-- Opening Marker --

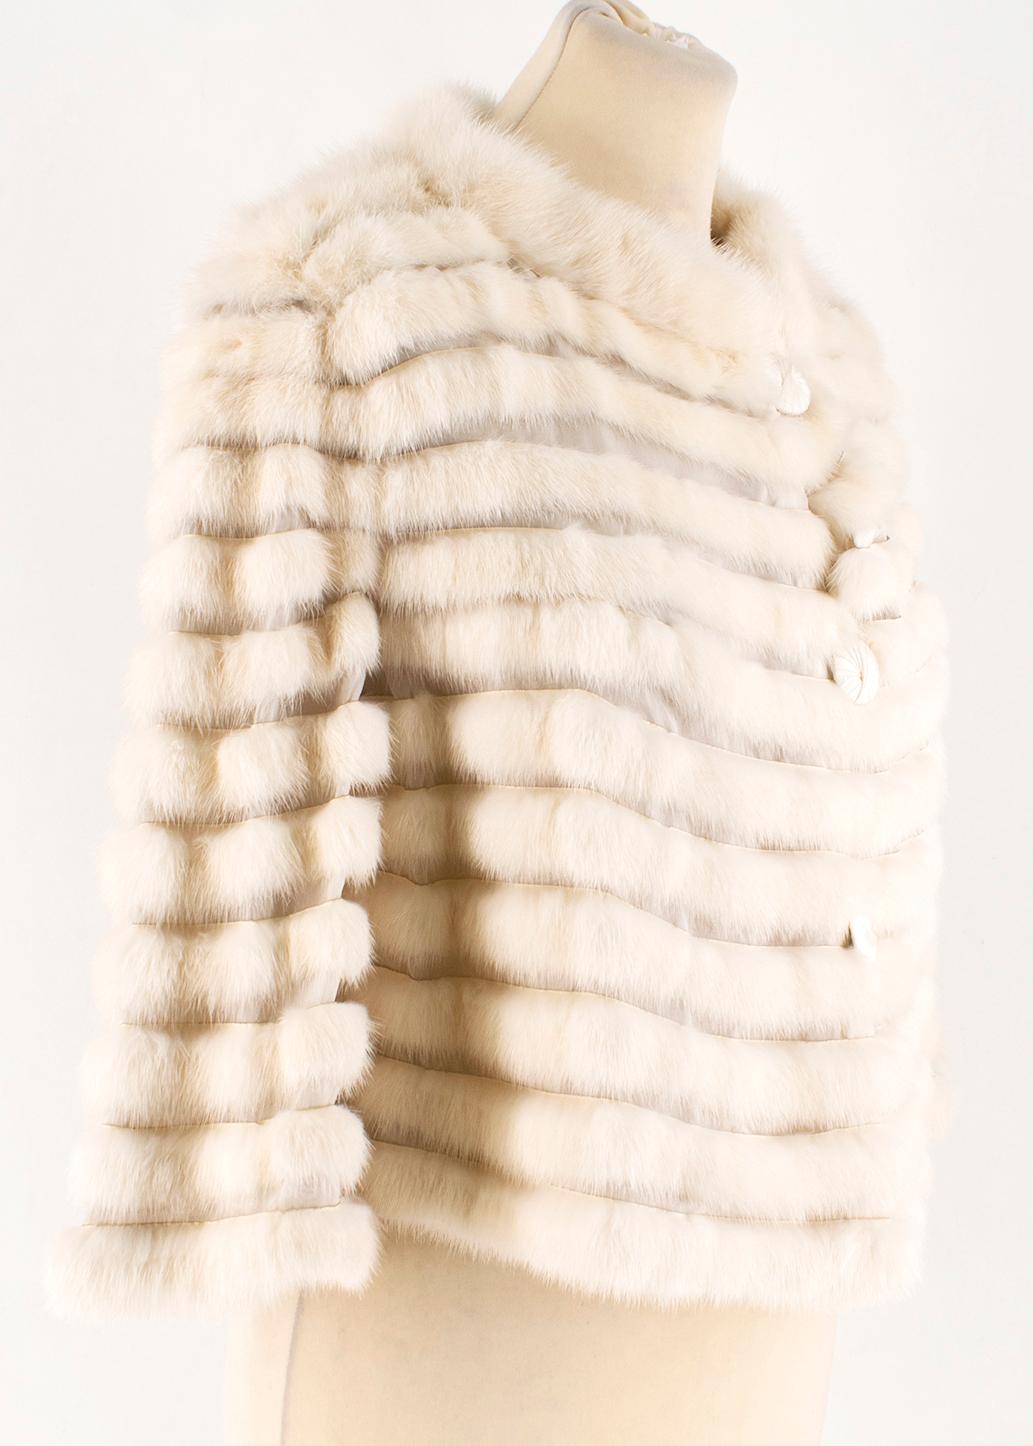 Short soft rabbit fur jacket from Fendi in a bone white colour. 

- Sheer panels
- Hologram label
- Front button fastening
- Mink fur 
- Made in Italy

Please note, these items are pre-owned and may show signs of being stored even when unworn and
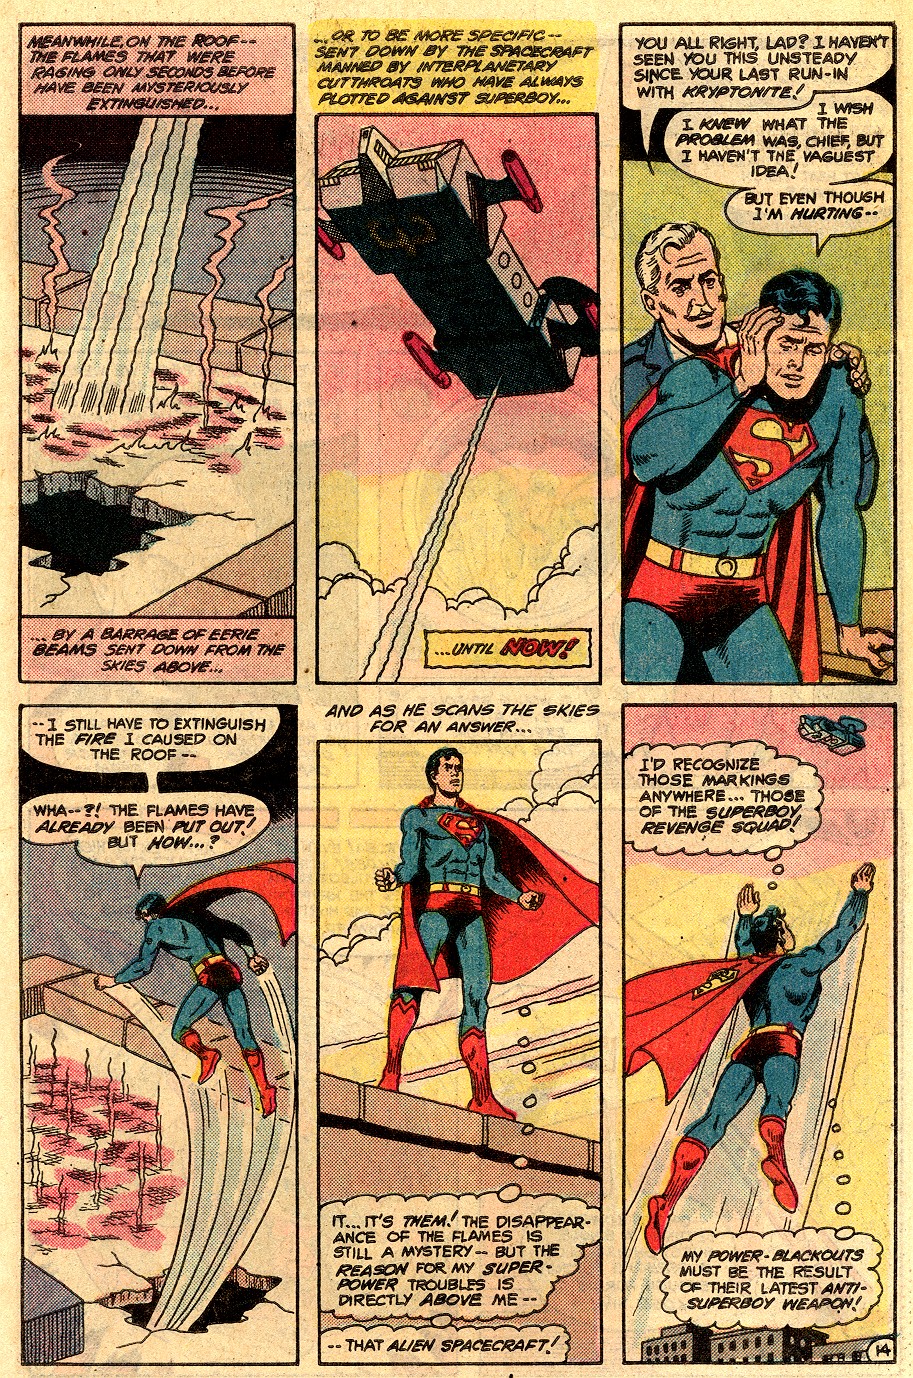 The New Adventures of Superboy 32 Page 18
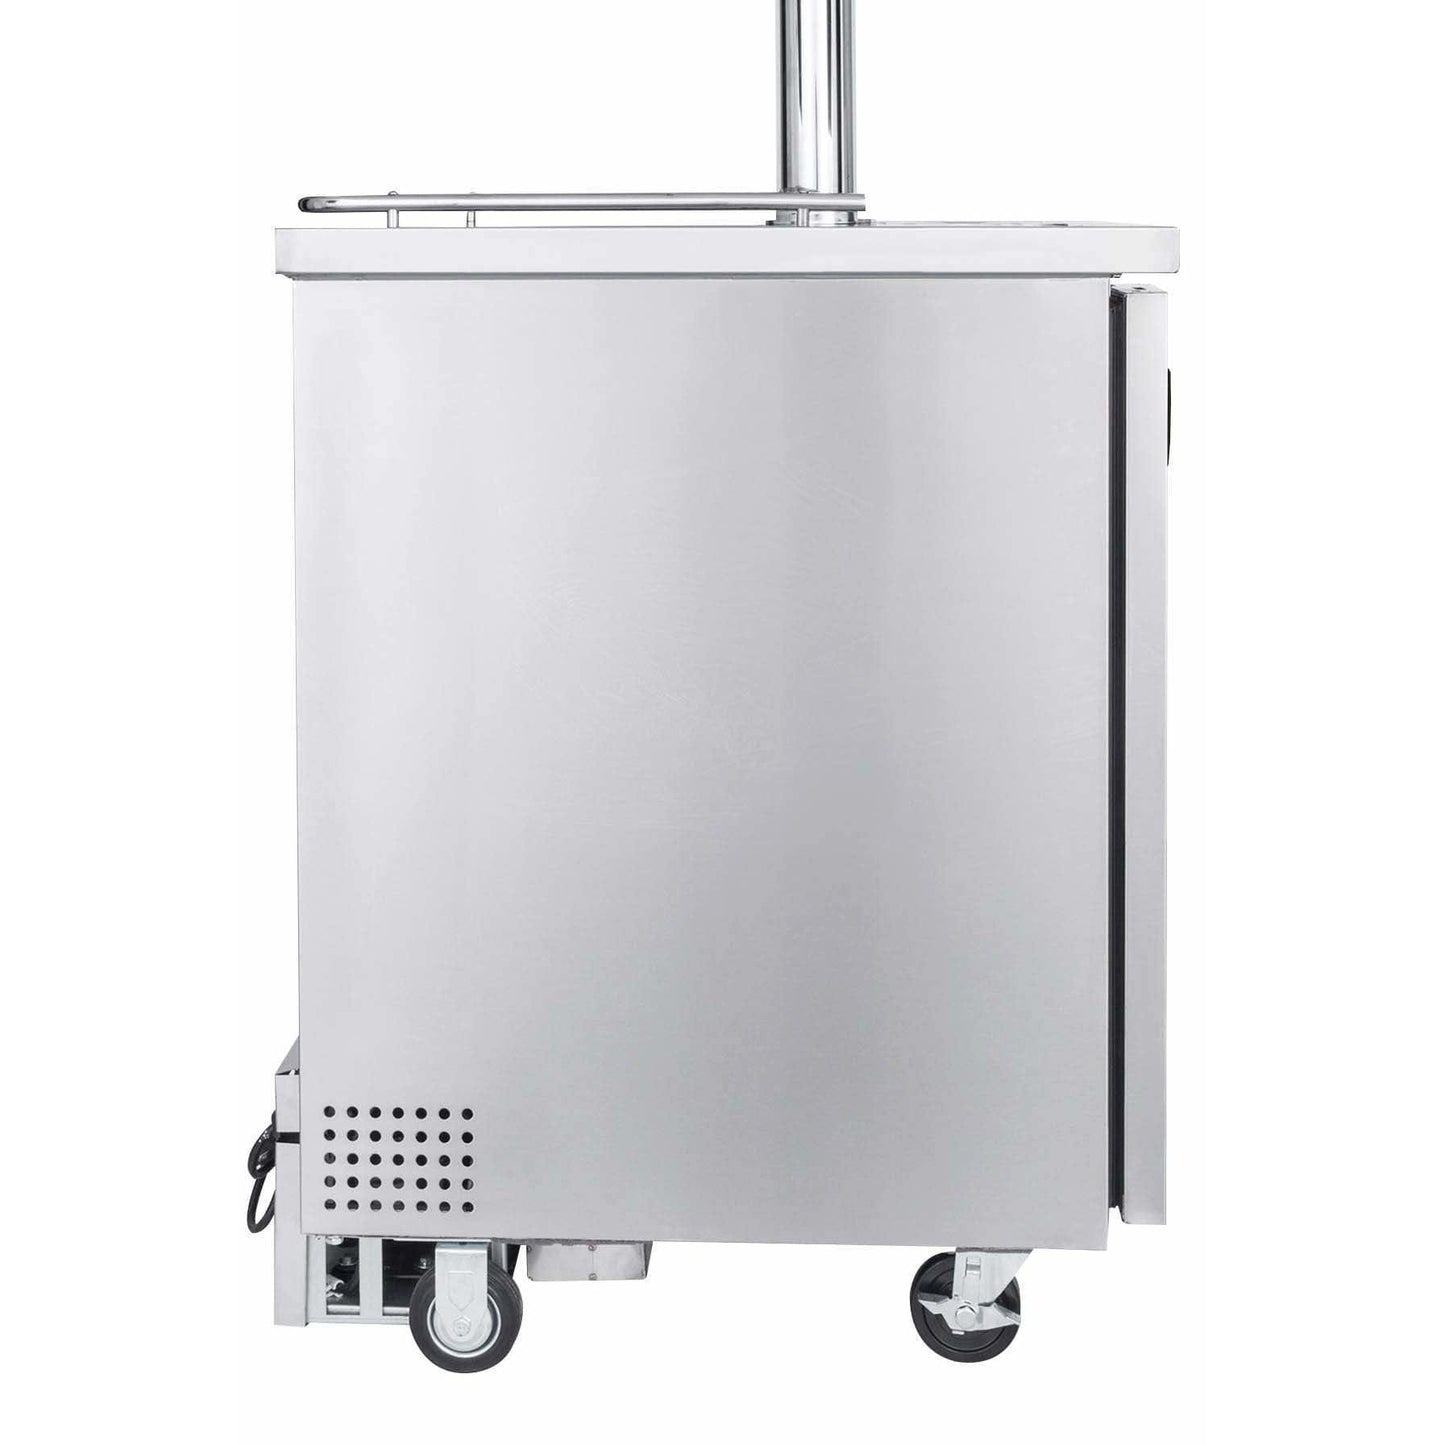 Kegco  24" Wide Single Tap All Stainless Steel with Keg Home Brew Kegerator HBK1XS-1K

-- Closing Marker --

I would like an exact copy of the lines from the one holding "- Made in Italy" through the last line of the entries above, with the pictures left out.

- Made in Italy

Please note, these items are pre-owned and may show signs of being stored even when unworn and
 The New Adventures of Superboy 32 Page 18
 Kegco  24" Wide Single Tap All Stainless Steel with Keg Home Brew Kegerator HBK1XS-1K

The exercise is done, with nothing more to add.